On 28.03.2018 01:06, Anand Jain wrote:
> 
> 
> On 03/27/2018 04:49 PM, Nikolay Borisov wrote:
>>
>>
>> On 26.03.2018 11:27, Anand Jain wrote:
>>> During the btrfs dev scan make sure that other copies of superblock
>>> contain the same fsid as the primary SB. So that we bring to the
>>> user notice if the superblock has been overwritten.
>>>
>>>   mkfs.btrfs -fq /dev/sdc
>>>   mkfs.btrfs -fq /dev/sdb
>>>   dd if=/dev/sdb of=/dev/sdc count=4K skip=64K seek=64K obs=1 ibs=1
>>>   mount /dev/sdc /btrfs
>>>
>>> Caveat: Pls note that older btrfs-progs do not wipe the non-overwriting
>>> stale superblock like copy2 if a smaller mkfs.btrfs -b  <size>  is
>>> created.
>>> So this patch in the kernel will report error. The workaround is to wipe
>>> the superblock manually, like
>>>   dd if=/dev/zero of=<dev> seek=274877906944 ibs=1 obs=1 count4K
>>> OR apply btrfs-progs patch
>>>    btrfs-progs: wipe copies of the stale superblock beyond -b size
>>> which shall find and wipe the non overwriting superblock.
>>>
>>> Signed-off-by: Anand Jain <anand.j...@oracle.com>
>>> ---
>>>   fs/btrfs/volumes.c | 60
>>> ++++++++++++++++++++++++++++++++++++++++++------------
>>>   1 file changed, 47 insertions(+), 13 deletions(-)
>>>
>>> diff --git a/fs/btrfs/volumes.c b/fs/btrfs/volumes.c
>>> index ed22f0a3d239..45dd0674571b 100644
>>> --- a/fs/btrfs/volumes.c
>>> +++ b/fs/btrfs/volumes.c
>>> @@ -1198,40 +1198,74 @@ static int btrfs_read_disk_super(struct
>>> block_device *bdev, u64 bytenr,
>>>   int btrfs_scan_one_device(const char *path, fmode_t flags, void
>>> *holder,
>>>                 struct btrfs_fs_devices **fs_devices_ret)
>>>   {
>>> +    struct btrfs_super_block *disk_super_primary;
>>>       struct btrfs_super_block *disk_super;
>>>       struct btrfs_device *device;
>>>       struct block_device *bdev;
>>>       struct page *page;
>>>       int ret = 0;
>>> -    u64 bytenr;
>>> +    int i;
>>>   -    /*
>>> -     * we would like to check all the supers, but that would make
>>> -     * a btrfs mount succeed after a mkfs from a different FS.

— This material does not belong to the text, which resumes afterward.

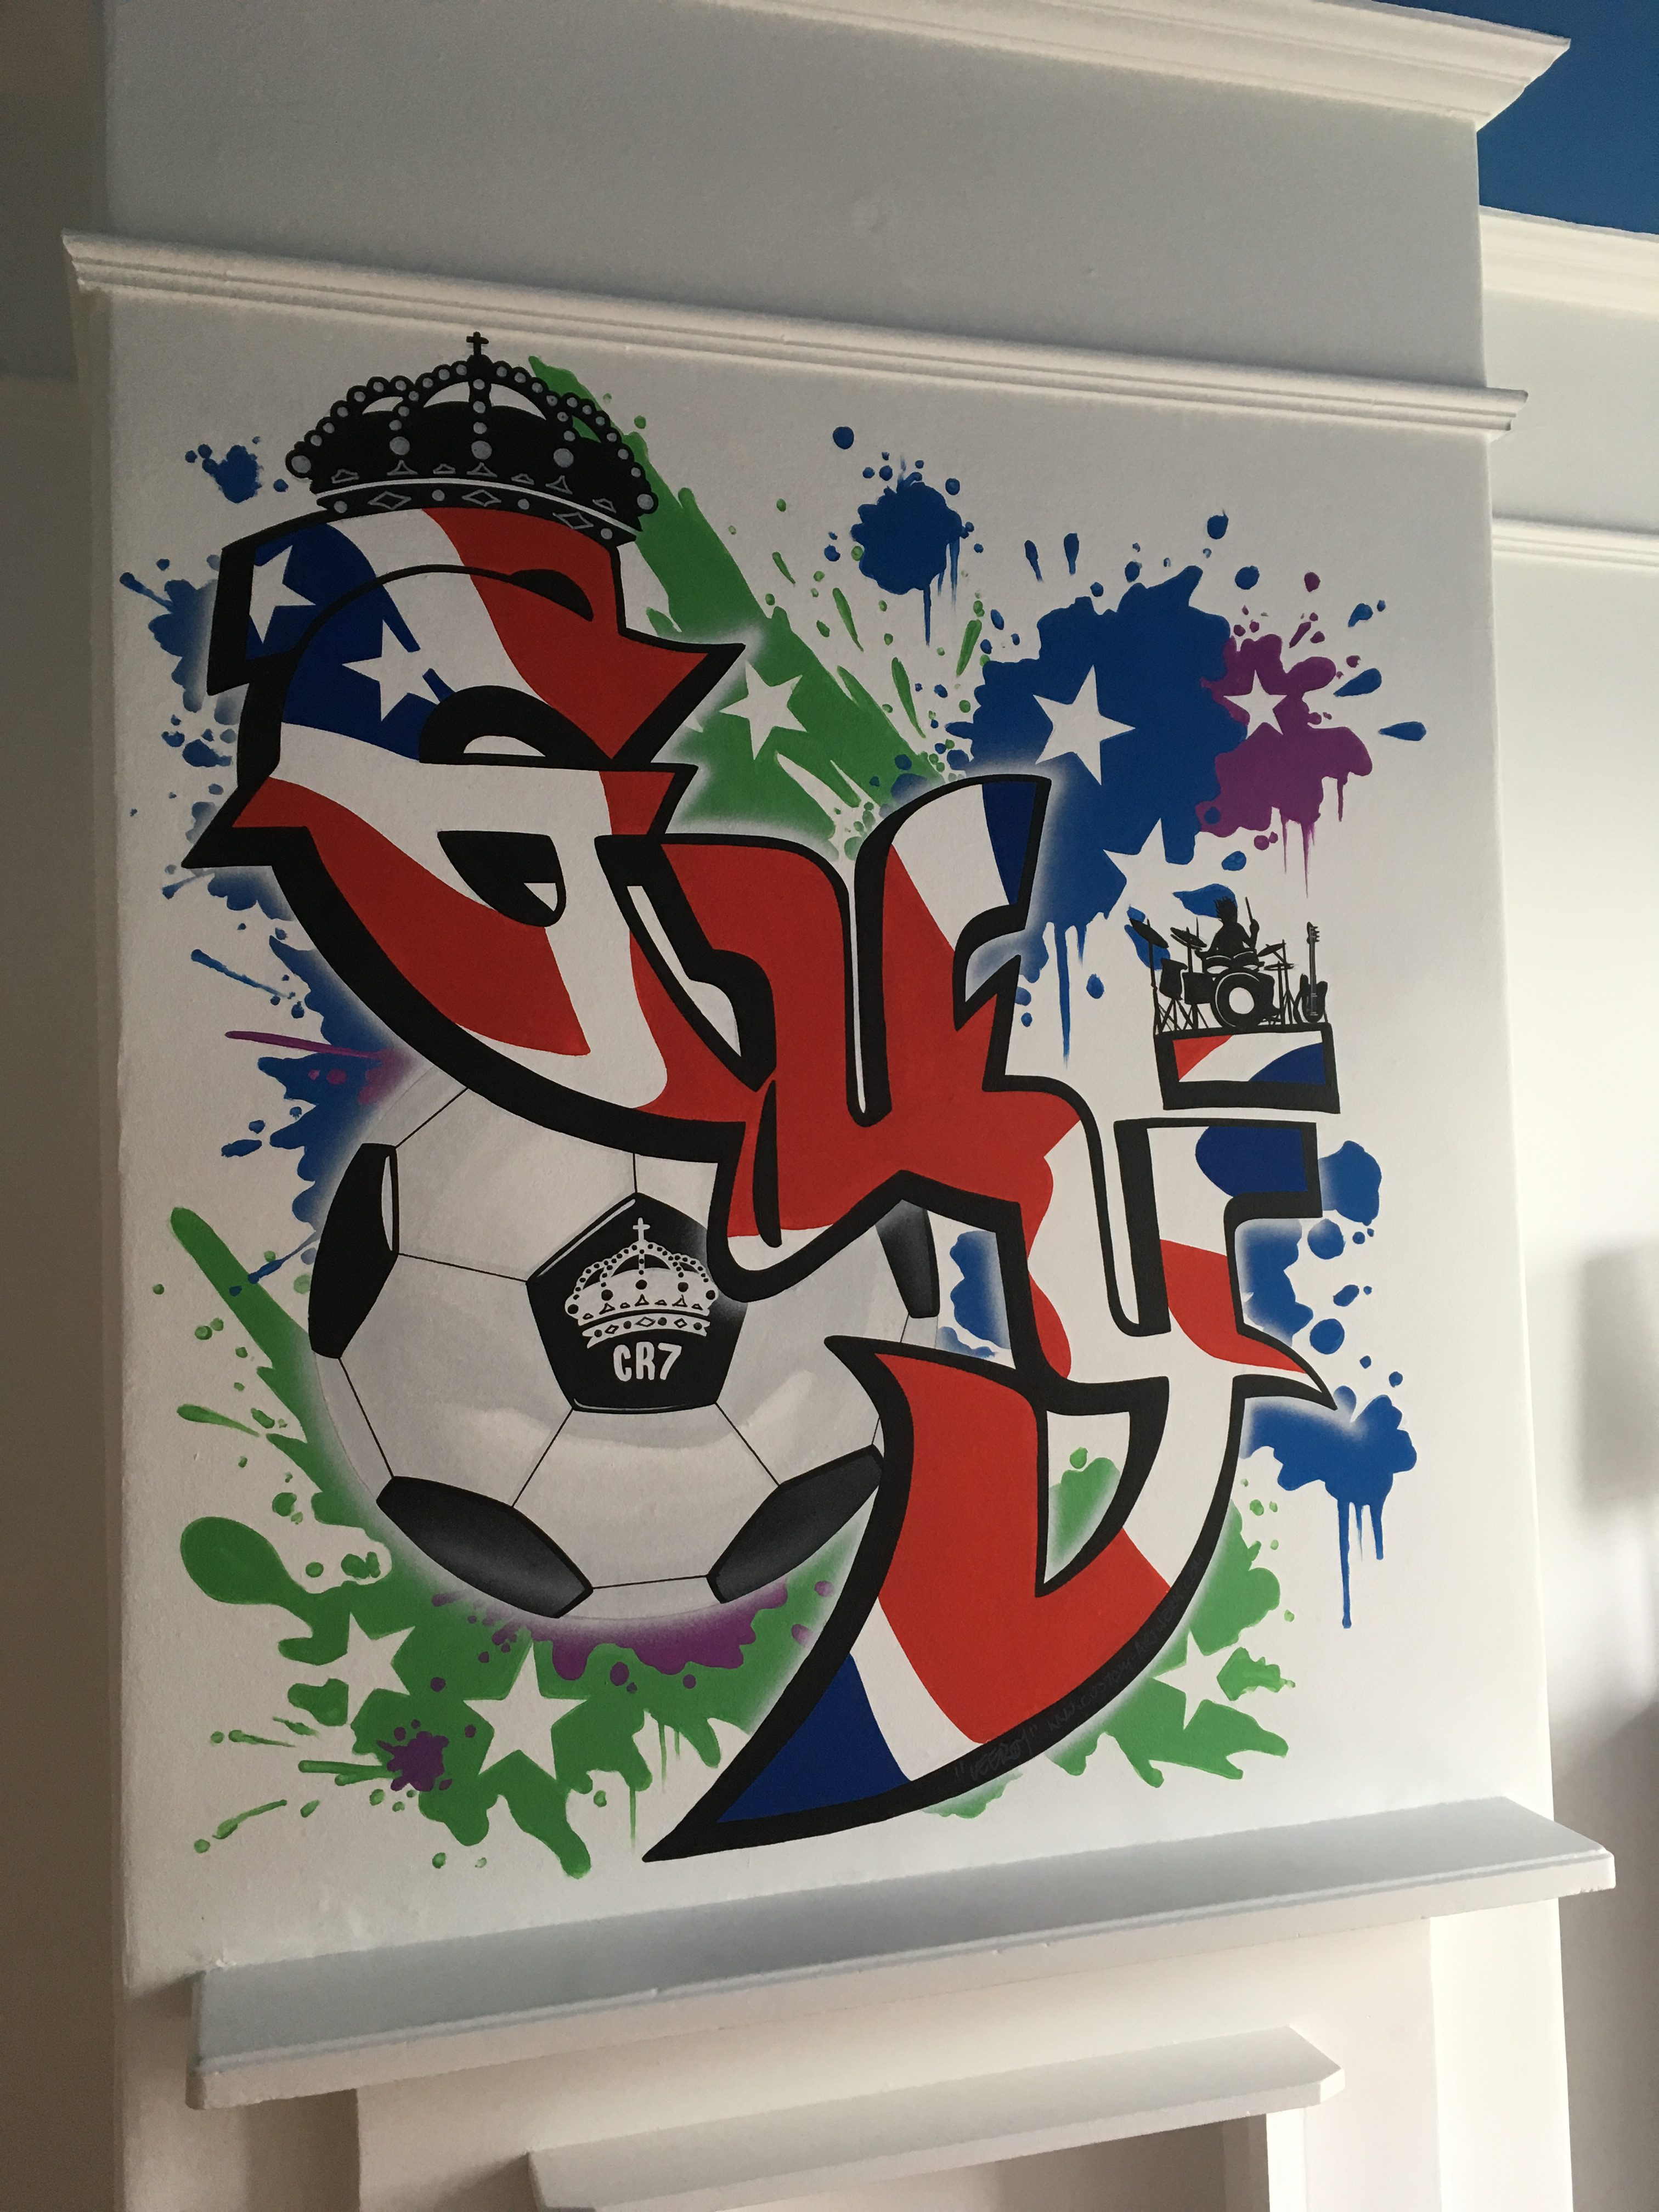 Guy Graffiti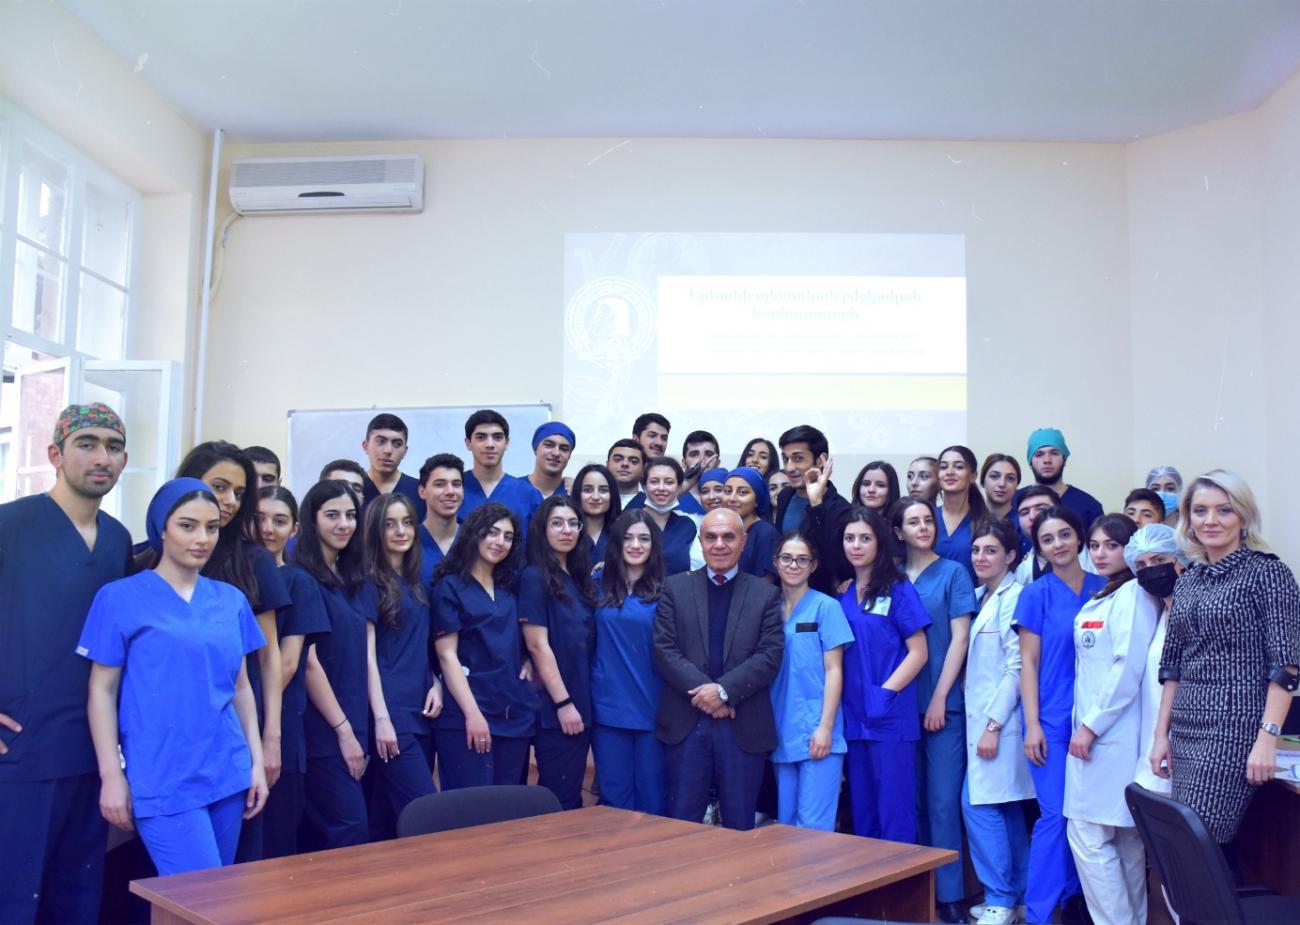 Գիտական հրավառություն տեղագրական անատոմիայի և օպերատիվ վիրաբուժության ակումբում

>>> -     * So, we need to add a special mount option to scan for
>>> -     * later supers, using BTRFS_SUPER_MIRROR_MAX instead
>>> -     */
>>> -    bytenr = btrfs_sb_offset(0);
>>>       flags |= FMODE_EXCL;
>>>         bdev = blkdev_get_by_path(path, flags, holder);
>>>       if (IS_ERR(bdev))
>>>           return PTR_ERR(bdev);
>>>   -    ret = btrfs_read_disk_super(bdev, bytenr, &page, &disk_super);
>>> -    if (ret)
>>> +    disk_super_primary = kzalloc(sizeof(*disk_super_primary),
>>> GFP_KERNEL);
>>> +    if (!disk_super_primary) {
>>> +        ret = -ENOMEM;
>>>           goto error_bdev_put;
>>> +    }
>>> +
>>> +    /*
>>> +     * We would like to check all the supers and use one good copy,
>>> +     * but that would make a btrfs mount succeed after a mkfs from
>>> +     * a different FS.
>>> +     * So, we need to add a special mount option to scan for
>>> +     * later supers, using BTRFS_SUPER_MIRROR_MAX instead.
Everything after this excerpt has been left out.